18

Simple question, I'm asking just to make sure.

A Google sitemap generator generated a sitemap.txt fle with links written like this:

http://www.domain.com/category.htm?name=some-name&cat_id=8

is it correct to use the & in these links in place of the & or it's just an error made by the sitemap generator?

Thanks.

5 Answers 5

11

That is correct. It is the HTML entity for an ampersand (&) and is the proper character representation of it in a properly encoded URL. Ampersands (&) and well as < and > are special characters in XML and HTML and need to be displayed using their special character entities.

4
  • Are you sure all ampersands have to be entity-escaped? I thought that was only for those separating parameters in query strings. I've always escaped ampersands within file or folder names or in the parameters themselves using percent-encoding (%26): e.g. http://foo/a%26r.php?foo=1&amp;genre=r%26b Commented Oct 21, 2010 at 19:37
  • I'm not sure about percent-encoding is valid or not so I can't say for sure.
    – John Conde
    Commented Oct 21, 2010 at 19:48
  • @Lèse - because it's an XML document it has to be escaped, unless you use a CDATA node (just noticed that bdadam said the same thing, but much earlier than me) Commented Oct 26, 2010 at 20:30
  • > don't strictly need to be entity encoded in XML.
    – MrWhite
    Commented Feb 20, 2014 at 12:57
6

Your Sitemap file must be UTF-8 encoded (you can generally do this when you save the file). As with all XML files, any data values (including URLs) must use entity escape codes for the characters.

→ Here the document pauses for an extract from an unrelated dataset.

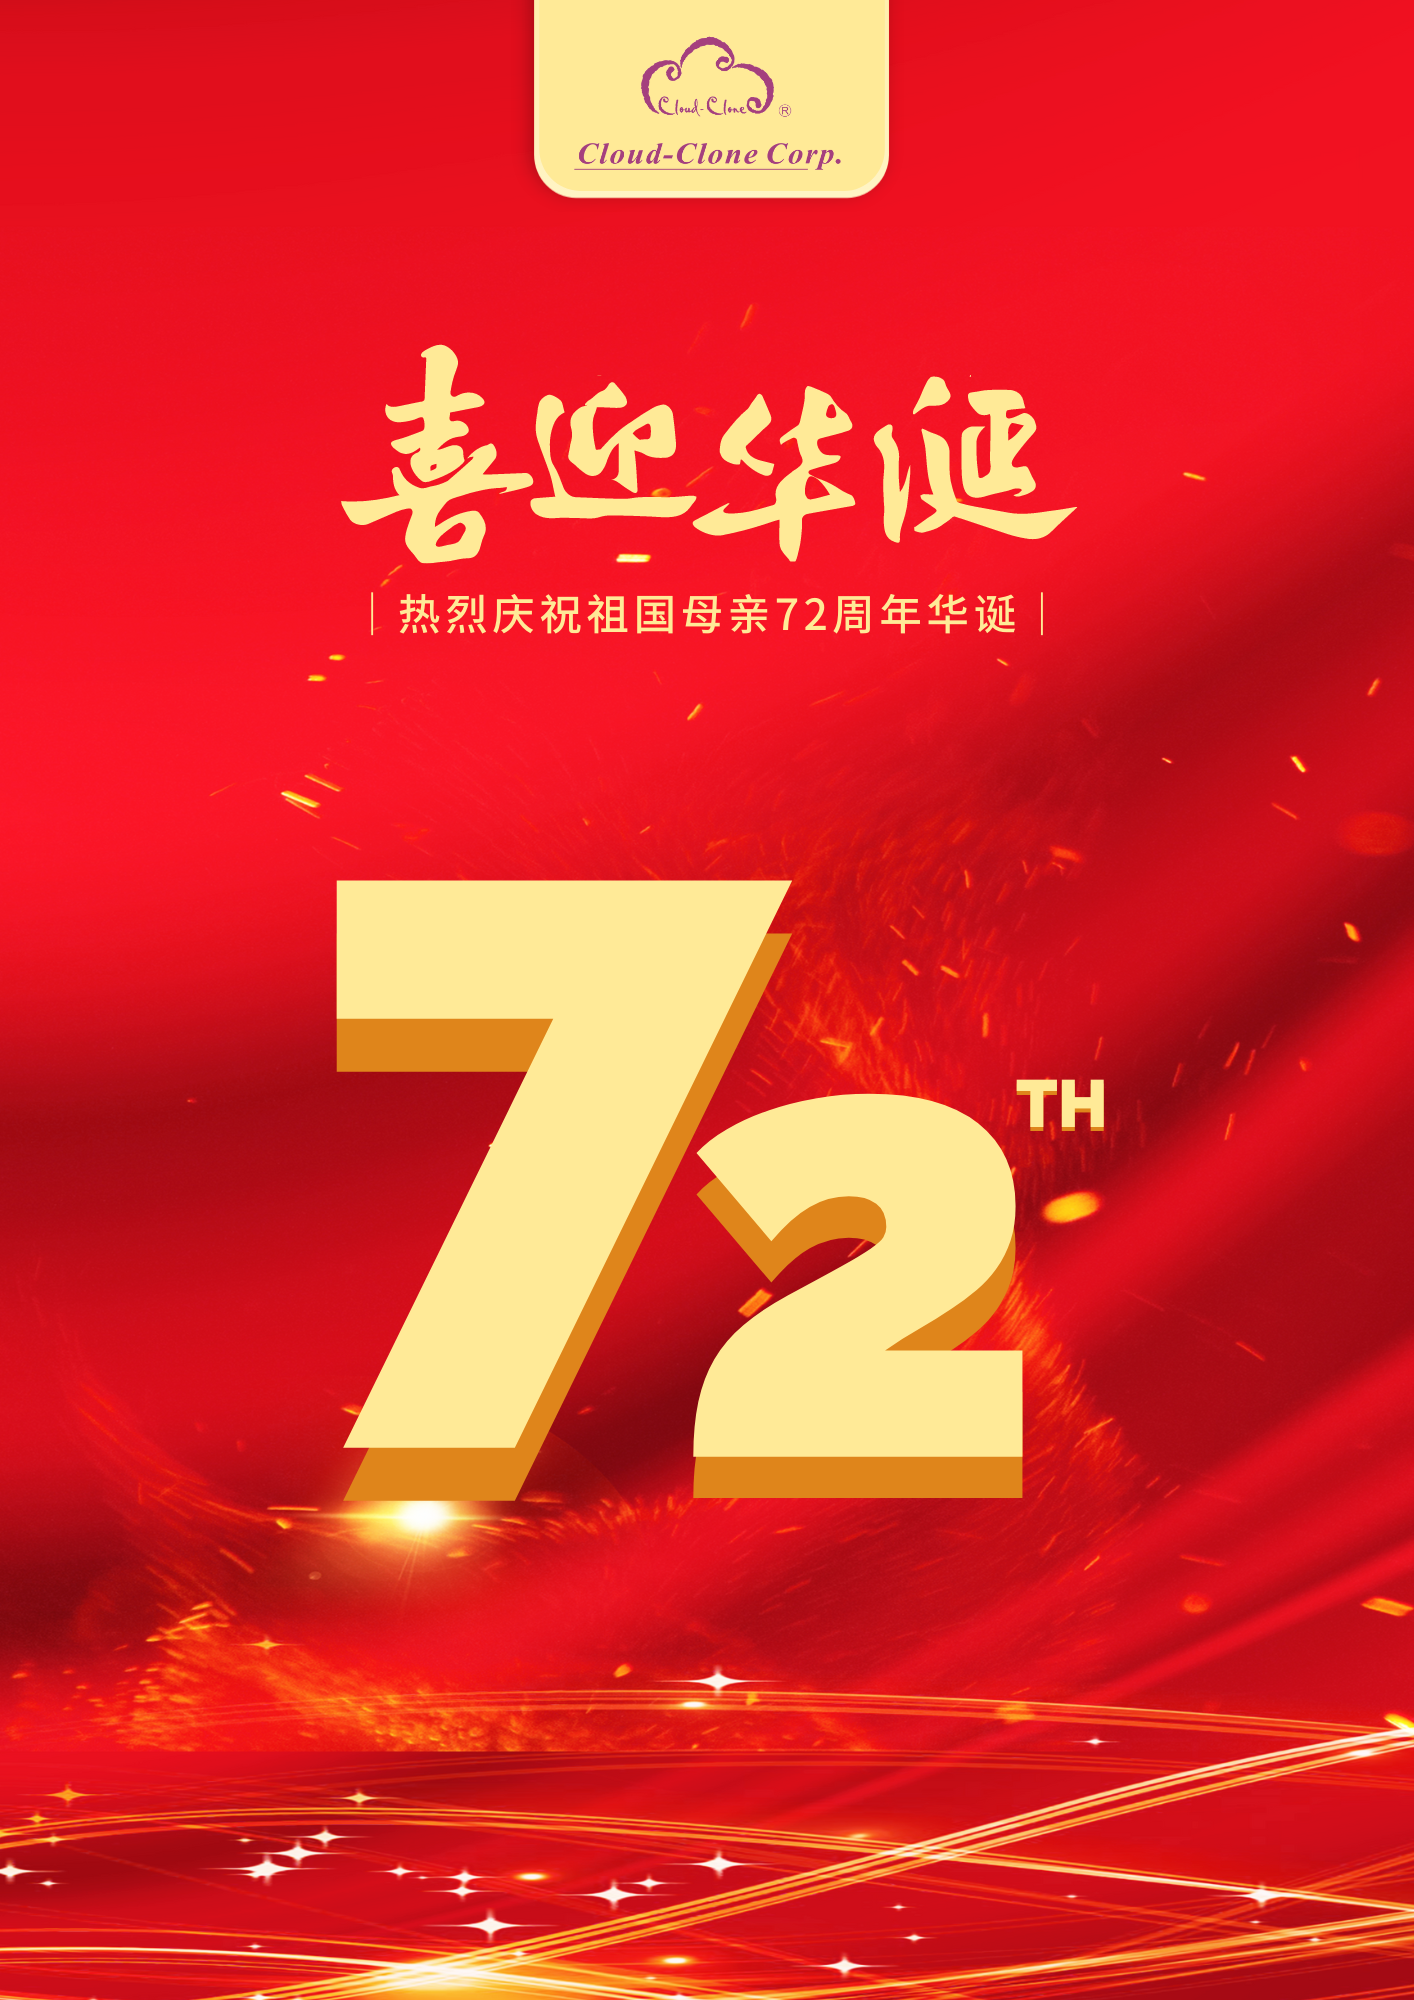 云克隆 的想法: 云克隆热烈庆祝中华人民共和国成立72周年…

This may help out, http://sitemaps.org/protocol.php

1
  • Unfortunately, this link is now dead.
    – mtness
    Commented Nov 14, 2018 at 12:42
2

You can also convince yourself by checking

You can't really argue against the official xml sitemaps protocol page :)

2

Google rejects the sitemap as broken if it has a & character in an URL. It accepts it when you replace & with &amp;

BUT: if you later check the list of crawling errors in the Google webmasters tool, it will report this URL of the sitemap file as broken, because it contains &amp; instead of &.

Thus the correct solution is to change the URL such that it does not contain &. Or report this as bug to Google.

1

URL-Encoding and XML entity encoding are not the same things. You need URL-Encoding to replace special characters in URLs, such as & which can only be used for the separation of query parameters. XML entity encoding is for encoding special characters in XML (also XHTML). This means, if you have a URL in an XML (or XHTML) file, and this URL includes some & characters, you have to entity encode it to &amp;. So in a sitemap.xml you will have urls like in the question from Marco Demaio.